We were lucky enough to ask these powerhouse women a few questions about how we can become more engaged with our finances. As it turns out, awareness, knowledge, action, and professional help are the keys to financial empowerment.

Mary C. King, Esq.

Hancock Estabrook, LLP

Q. What is the most common misconception or biggest fear about planning out our estates, wills, and trusts?

A. One of the most common misconceptions that married people, in particular, have is that if one dies, all assets will pass to the surviving spouse, so why worry about having a Will?

In New York, that is not the case as only the first $50,000 in assets will go to the surviving spouse and then the balance is divided 50/50 between the spouse and children. The Will can ensure that all assets will pass to the surviving spouse.

In the event a person is unmarried, the Will directs that his or her assets will be distributed to the individuals specified. Otherwise, New York State Law will dictate how an individual’s assets will be distributed.

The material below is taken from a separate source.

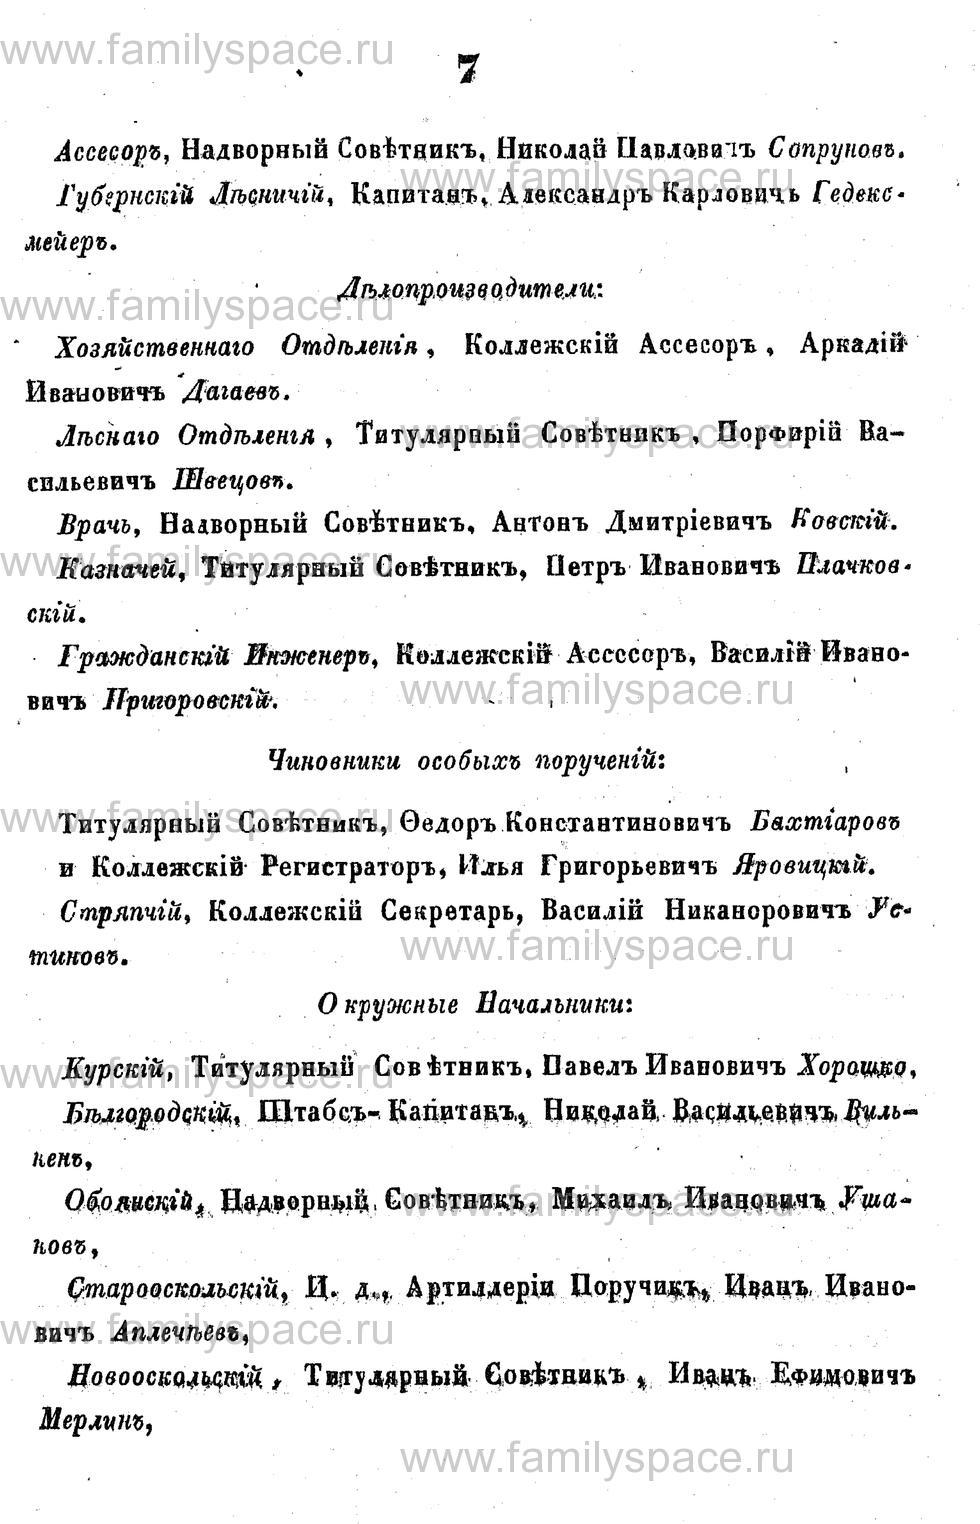 Поиск по фамилии - Адрес-календарь Курской губернии на 1853 год, страница 1007

One of the most common fears I see time and again are concerns over who will care for minor children in the event both parents are deceased. The Will contains guardianship provisions for minor children and couples are forced to discuss who is best suited to care for their children. Unfortunately, because this is such a difficult decision, couples tend to “put it on the back burner” and then they do not move forward with their estate plan.

Q. What action do you wish all women would take to overcome these misconceptions or fears so that they can confidently plan for the future?

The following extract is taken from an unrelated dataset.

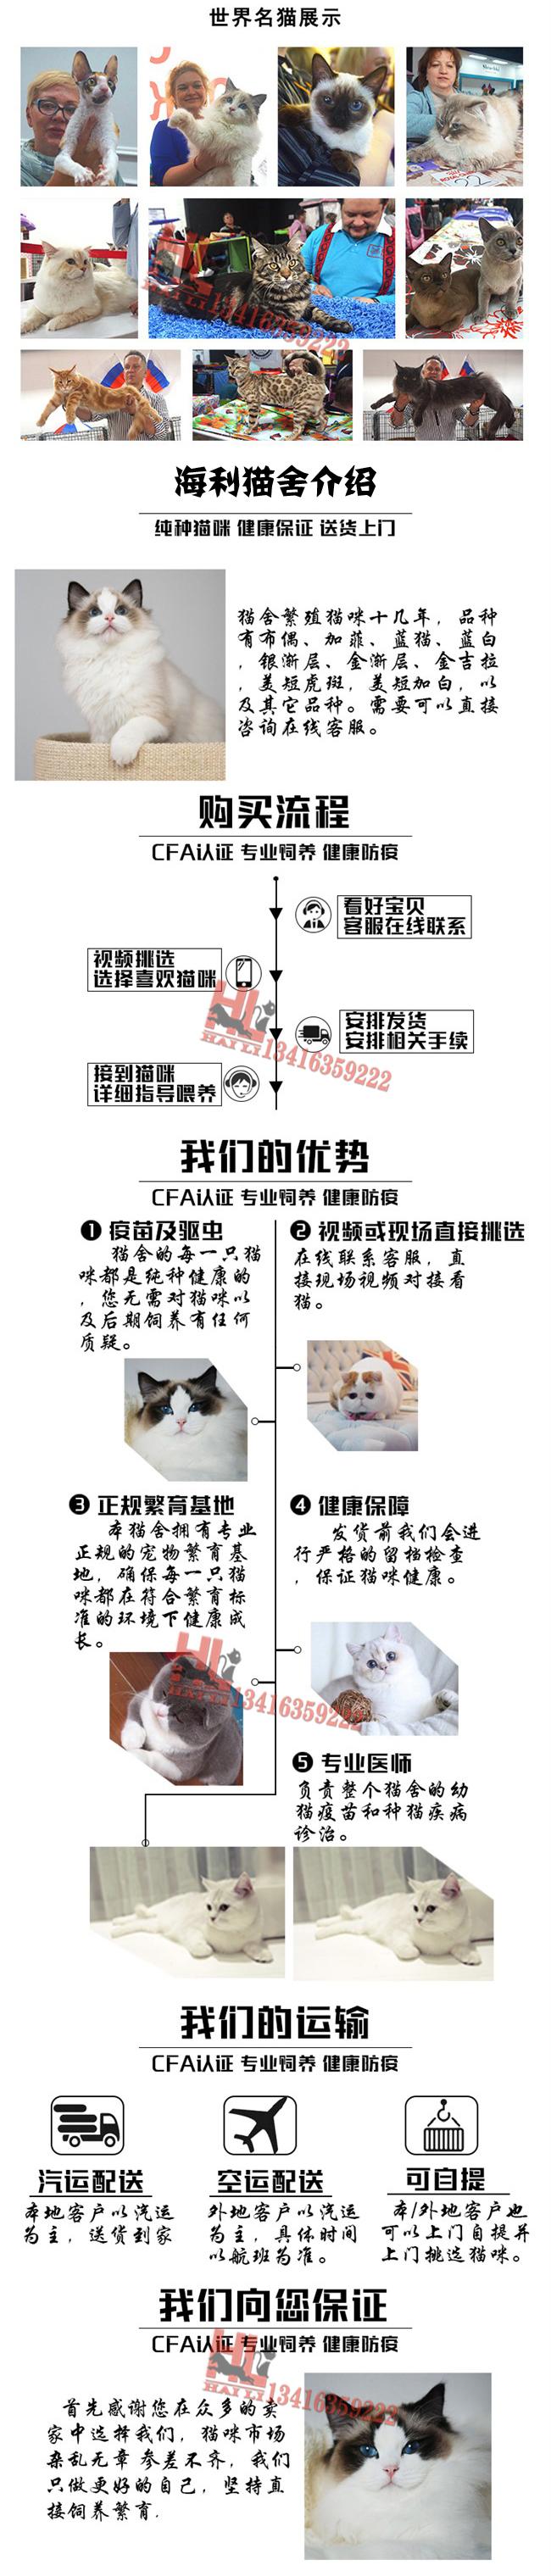 广州专业繁殖高品质孟加拉豹猫 品质好 品相到位6

A. I think it is important for women to take ownership of those fears and move forward despite them. I have found that it is much easier to tackle in a step-by-step fashion. First, make an appointment with a trusted advisor to begin having these important discussions and asking the pertinent questions.

Accept the education that is being provided by the advisors and don’t be afraid to continue to ask questions until you feel you have an understanding of the planning options being presented.

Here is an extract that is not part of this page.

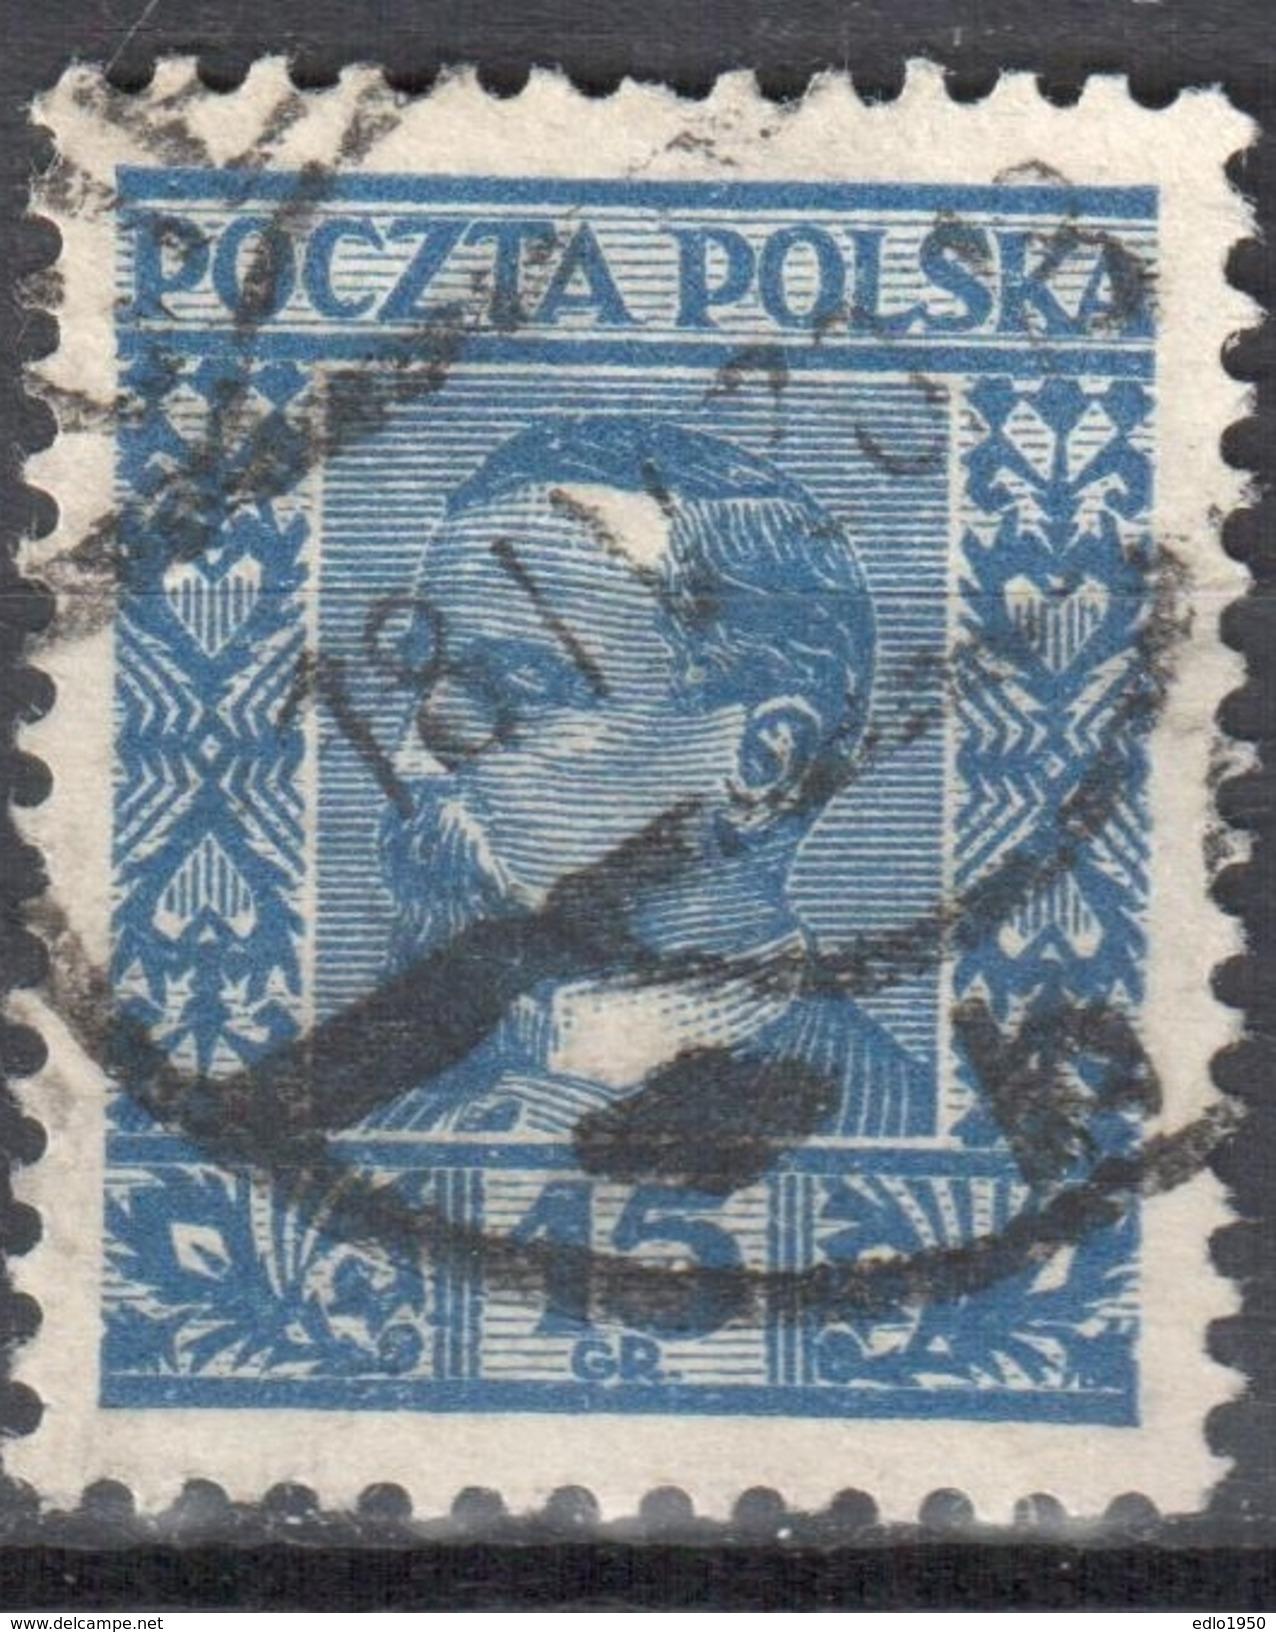 Poland 1928 Henryk Sienkiewicz - Mi. 259 - Used - Gebraucht

At that point, the fear will dissipate and you will be able to move forward in confidence with making these decisions for your future.

Grace B. Ghezzi,


Grace B. Ghezzi Consulting, LLC

Q. What is the first thing women should consider in regards to their finances during a time of transition in their lives?

A. Assess your short-term cash flow situation. What are your bank and investment account balances? What are your debts and payment terms? What are your income sources, and what do you spend? Develop a plan to give you peace of mind financially, then take a deep breath and move forward with it.

Q. What action do you wish all women would take to improve their relationship with their finances?

A. Become involved and be aware of your finances. Assess your insurance, investment, income tax, retirement plan cash flow and estate plan. Save for retirement, create an emergency fund, and pay down debt. Work with a financial planning professional, or meet with professionals you have in place. Your insurance agent, investment advisor, CPA, and attorney are resources you should take advantage of.

Marquette Payton

Associate Retirement Director

Janus Henderson

Q. What surprises you most about women's relationship with their finances?

A. I think the biggest surprise is the amount of stress and lack of control that women feel when it comes to handling their finances regardless of income or age. This is particularly noteworthy considering that 90% of women will be solely responsible for the household finances at some point in their lives.

Q. What action do you wish all women would take to improve their relationship with their finances?


I think it is important for women to recognize that financial literacy is a skill that is built over time and that they don’t have to go at it alone. Having a financial professional to help her navigate what may feel like murky waters will empower her to have a more positive relationship with finances, which will help bring about feelings of control and alleviate stress.